3. Example. Let’s say we have a professional gamer called “Noobienoob”. Noobienoob is not a US citizen and not a permanent resident of the US. Noobienoob is from Norway but he regularly travels to the United States to take part in eSport competitions, meet his fans, discuss advertising opportunities et cetera, et cetera. In the current year, Noobienoob is physically present in the US for a total of 120 days. Last year, Noobienoob was in the US for a total of 150 days. The year before that Noobienoob was in the US for 90 days. Is Noobienoob a US taxpayer? And the answer is, drum roll, yes, he is. Let’s get to the two part test. Part one of the test, in the current year was Noobienoob in the US for at least 31 days? Yes, he was in the US, he was in the US for 120 days in the current year. Part two of the test, adding up this year and the two years before that, was Noobienoob in the US for at least 183 days? Yes. In the current year, he was in US for 120 days. Remember one day in the current year is one day, so he was here for 120 days. Last year, he was in the US for 150 days. One day last year is one-third of a day. So, one-third of 150 days is 50 days. The year before that he was in the US for 90 days, here one day equals to one-sixth of the day. So, one-sixth of 90 is 15 days, then what you do is just add up all the days. So 120 days, plus 50 days, plus 15 days equals to 185 days. So, yes, he was present for more than 183 days. Conclusion, Noobienoob is considered a US taxpayer. This is the case unless Noobienoob falls under the exception provided by the law.

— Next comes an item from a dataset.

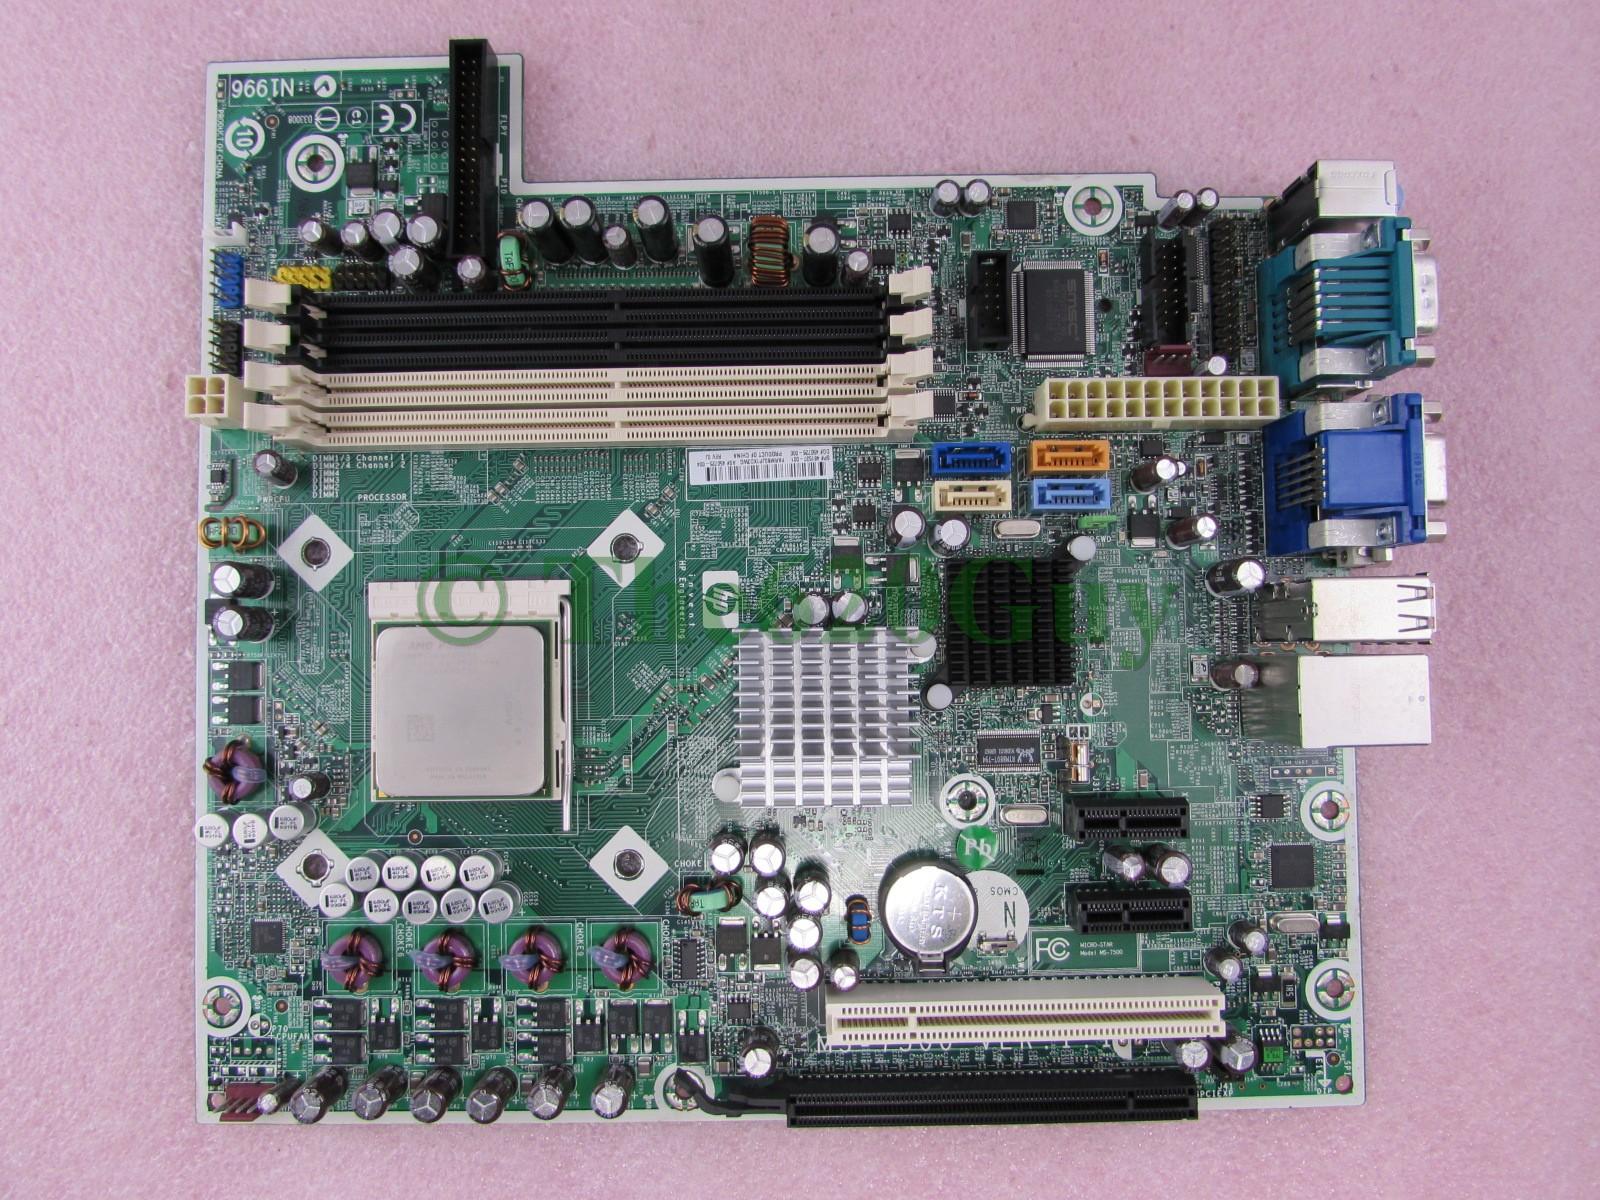 msi ms 7529 ver 1.1 motherboard manual

4. Now What? If you are a US taxpayer, you’ll then need to work out how to handle both the money you make domestically and internationally. Some of the biggest problems you’ll face is understanding how to handle the money being earned from foreign sources. There really is a lot to cover here and there’s a lot of funny sounding technical terms such as GILTI, 245A Income, Subpart F. Don’t worry about that now. As I mentioned earlier, we will dedicate a video on this at a later date. You will also need to consider whether you need to pay tax to a foreign country in addition to paying tax in the US. If you are not a US taxpayer, then your tax home is in another country. But does that mean that you don’t have to pay any US taxes? No, you may still have to pay tax on any money you make that comes from the US if the income is effectively connected to a trade or business, or if the money is some kind of investment type income coming from the US like dividends from shares, interest payments from a bond, royalty payments from the US. To cover how all this works will take a lot of time. So again, we’ll have to reserve this for another video.
So, we’re gonna call that a day, right? So, thanks for watching. You’ve been watching Lemmy and this is eSports and the Law, live your life and do what you got to do.